Interspeech'2005 - Eurospeech
This paper describes a speech enhancement system that significantly improves speech intelligibility of noisy speech in the context of a speech coder in low SNR conditions. The system uses two state-of-the-art non-acoustic sensors, a general electromagnetic motion sensor (GEMS) that detects the internal motions of glottis, and a physiological microphone (P-mic) that measures vibrations of the skin associated with speech. Both sensors are relatively immune to ambient acoustic noise, but provide incomplete information of speech.
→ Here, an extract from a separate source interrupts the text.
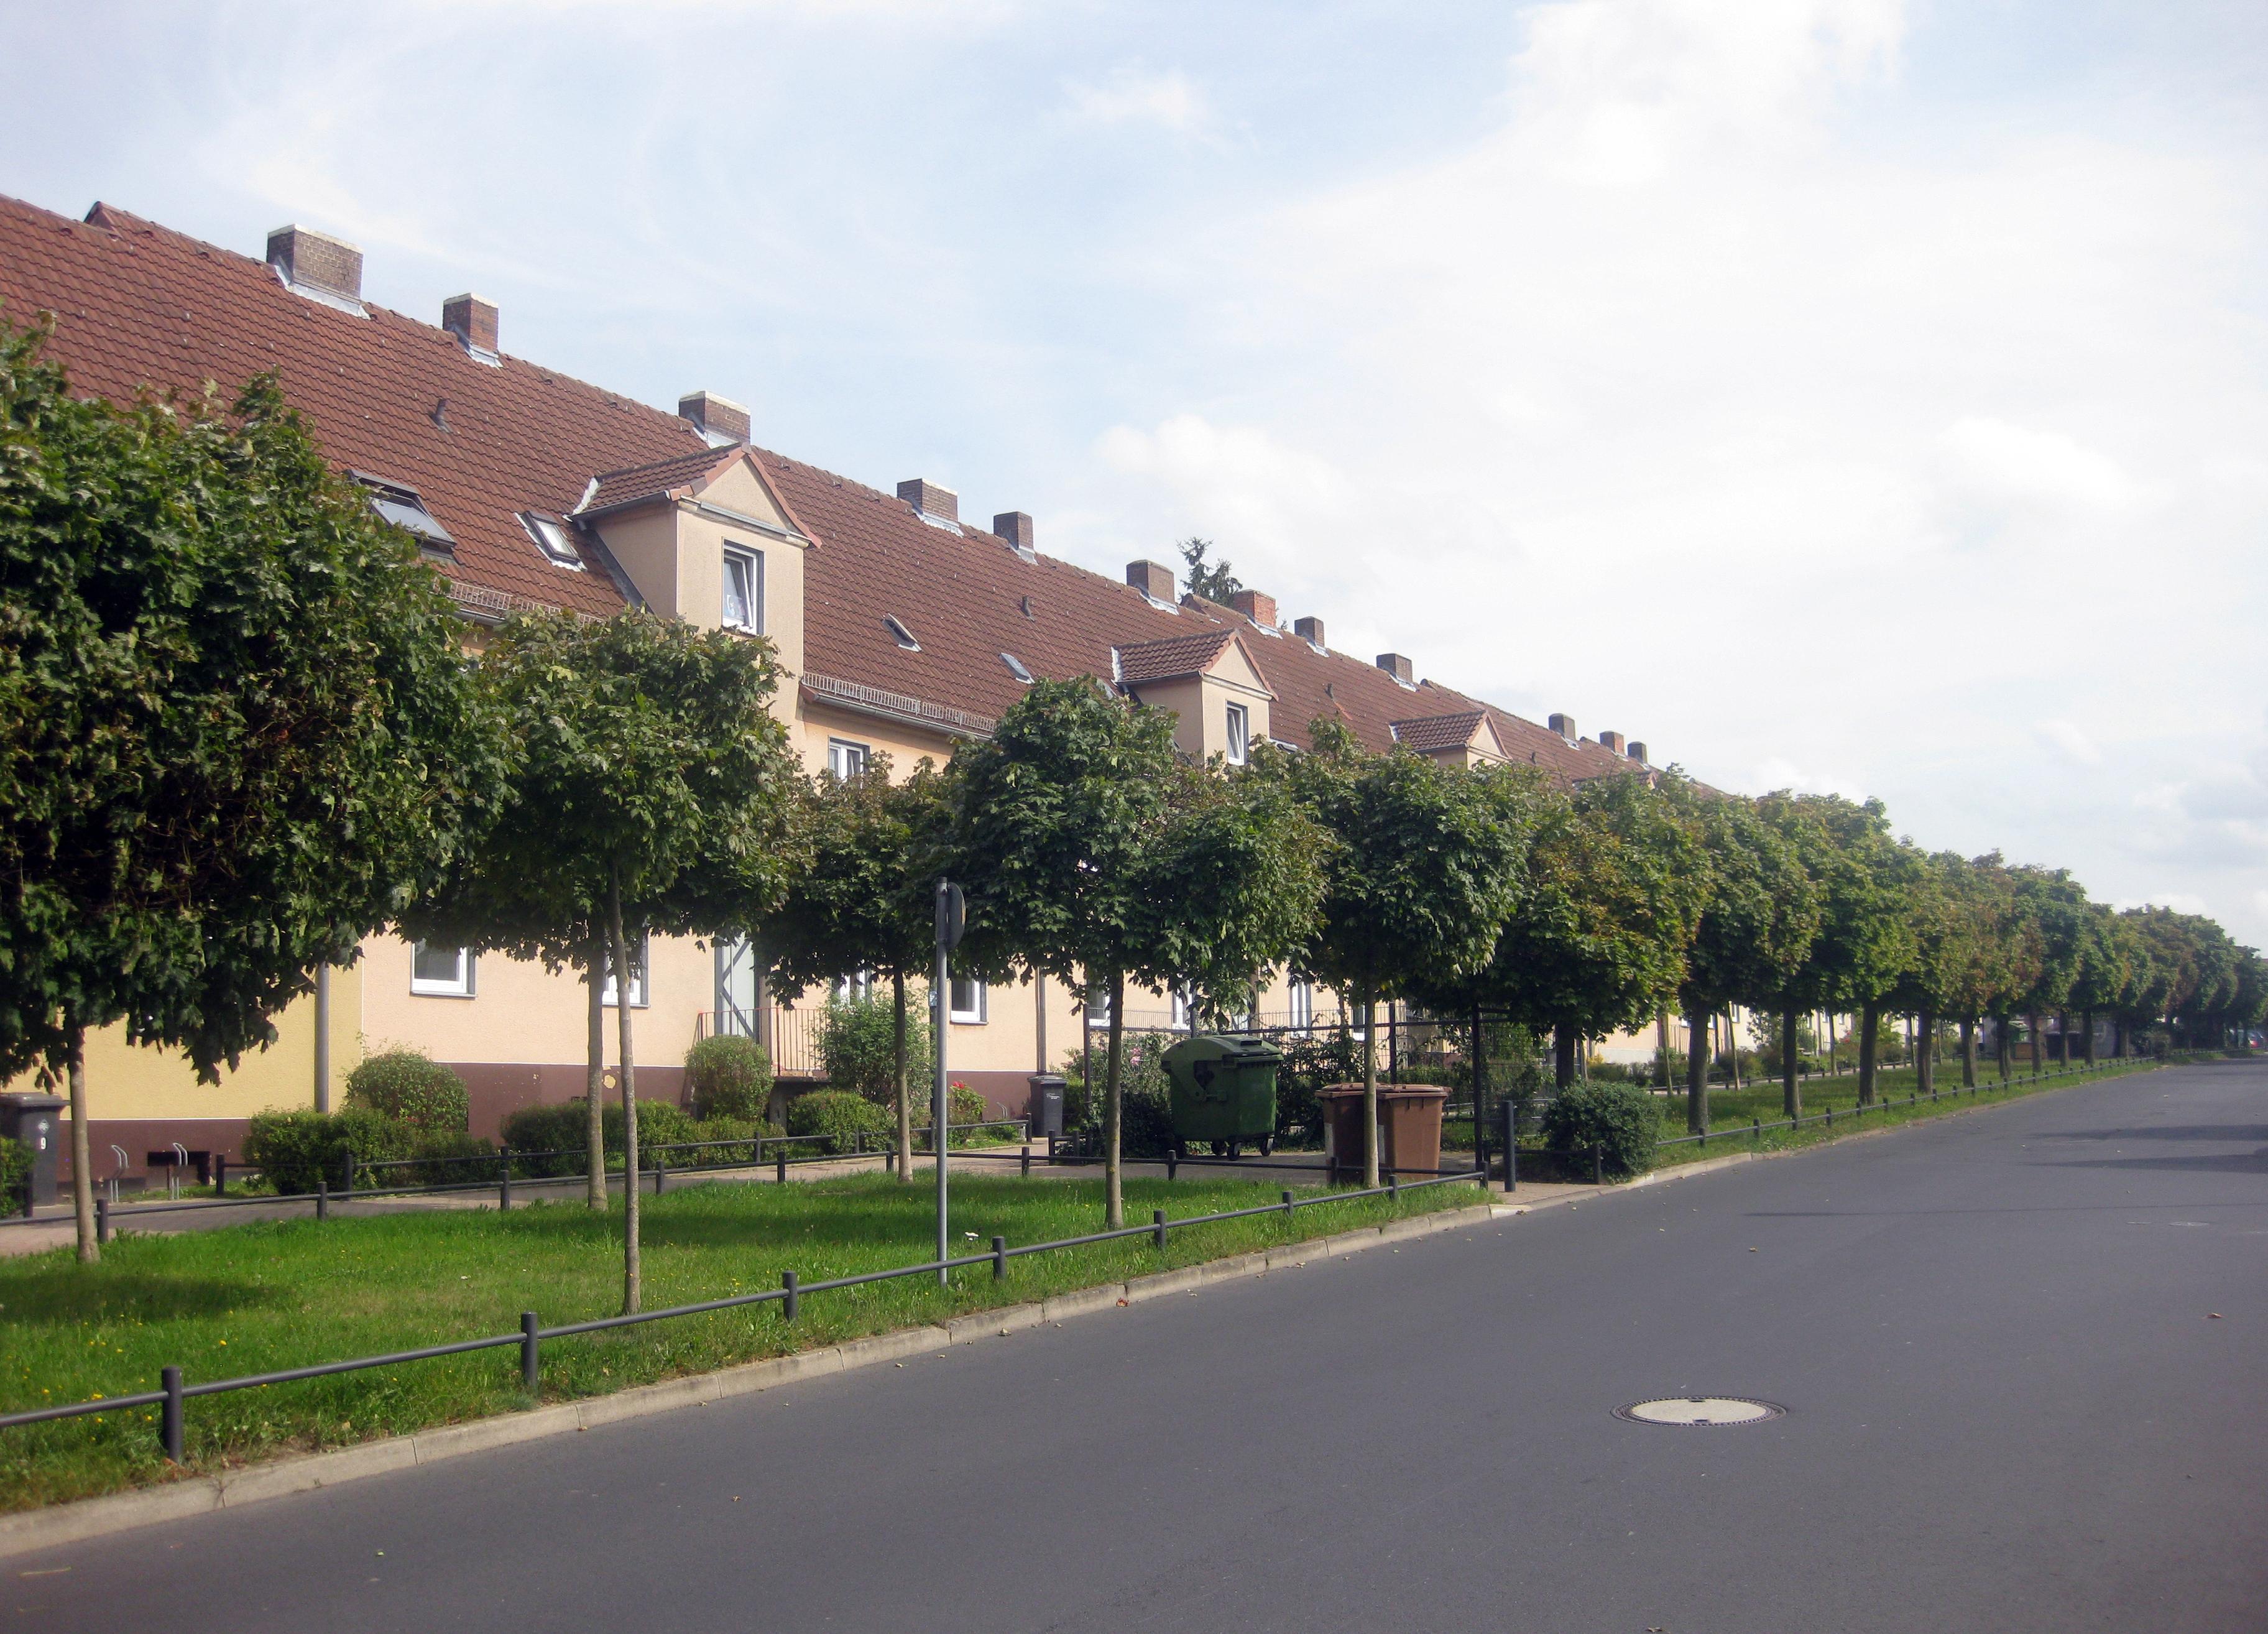 Ladiesfitnessland lohfelden
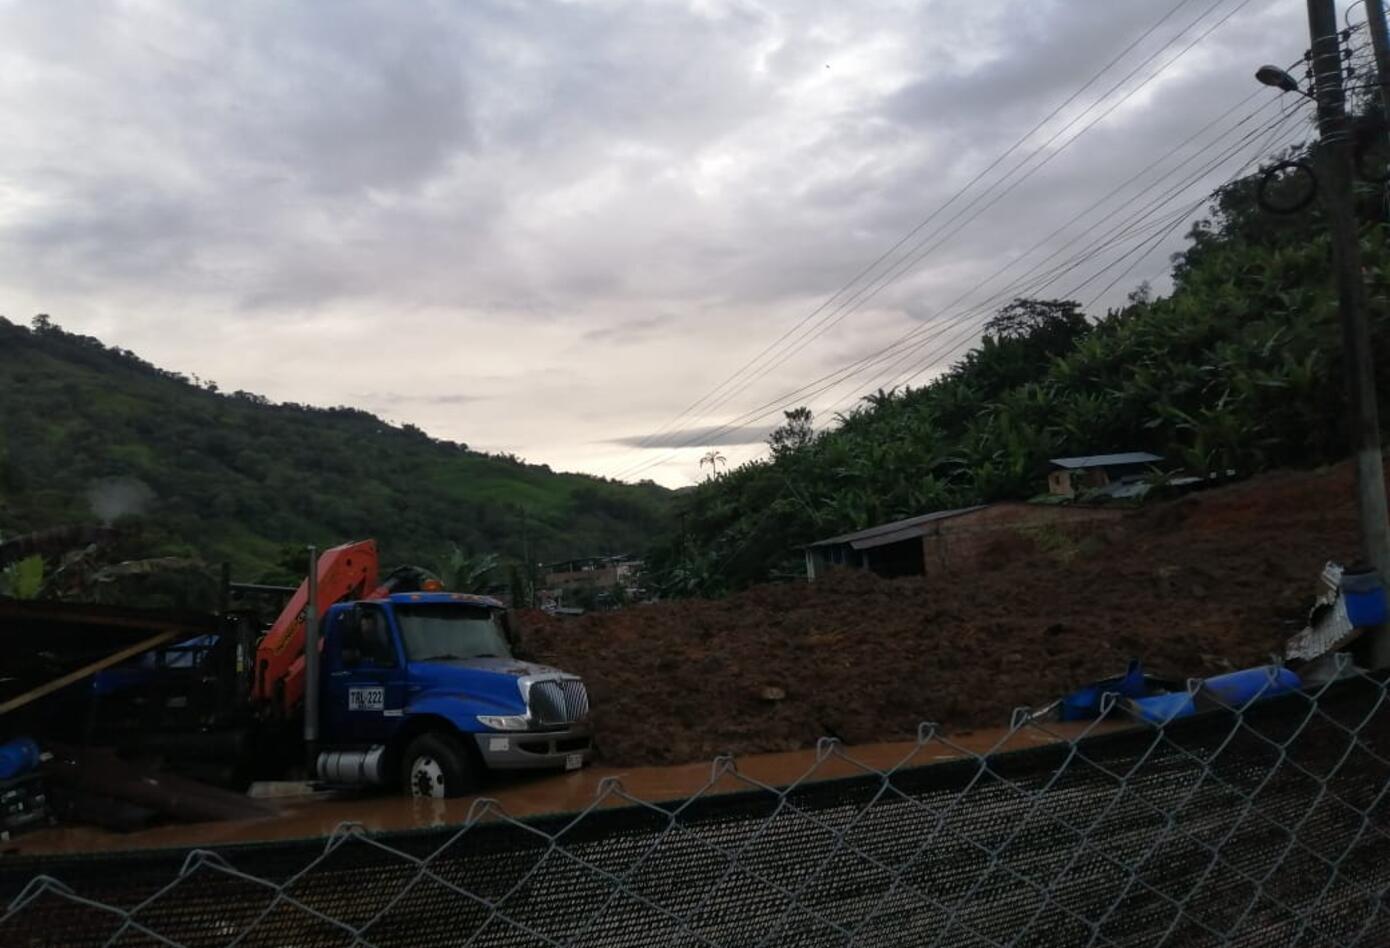 25 familias fueron evacuadas de manera preventiva

In the proposed system, the strengths of two algorithms , a perceptually motivated constant-Q (CQ) algorithm and an enhanced glottal correlation (GCORR) algorithm, are combined. The CQ algorithm employs a perceptually inspired signal detection technique to estimate the presence of speech cues in low SNR conditions. To reduce annoying artifacts, a state-dependent mechanism discriminating the distinct acoustic properties of each phoneme, and a psychoacoustic masking model are used to control enhancement gains. The enhanced glottal correlation algorithm extracts the desired speech signal from the noisy mixture, using a modified speech-GEMS correlation estimation of the speech signal with the glottal waveform supplied by GEMS. Both subjective and objective experiments were performed in a variety of noise conditions to indicate the improvement relative to the EMSR algorithm.
Bibliographic reference. Hu, Rongqiang / Kamath, Sunil D. / Anderson, David V. (2005): "Speech enhancement using non-acoustic sensors", In INTERSPEECH-2005, 2305-2308.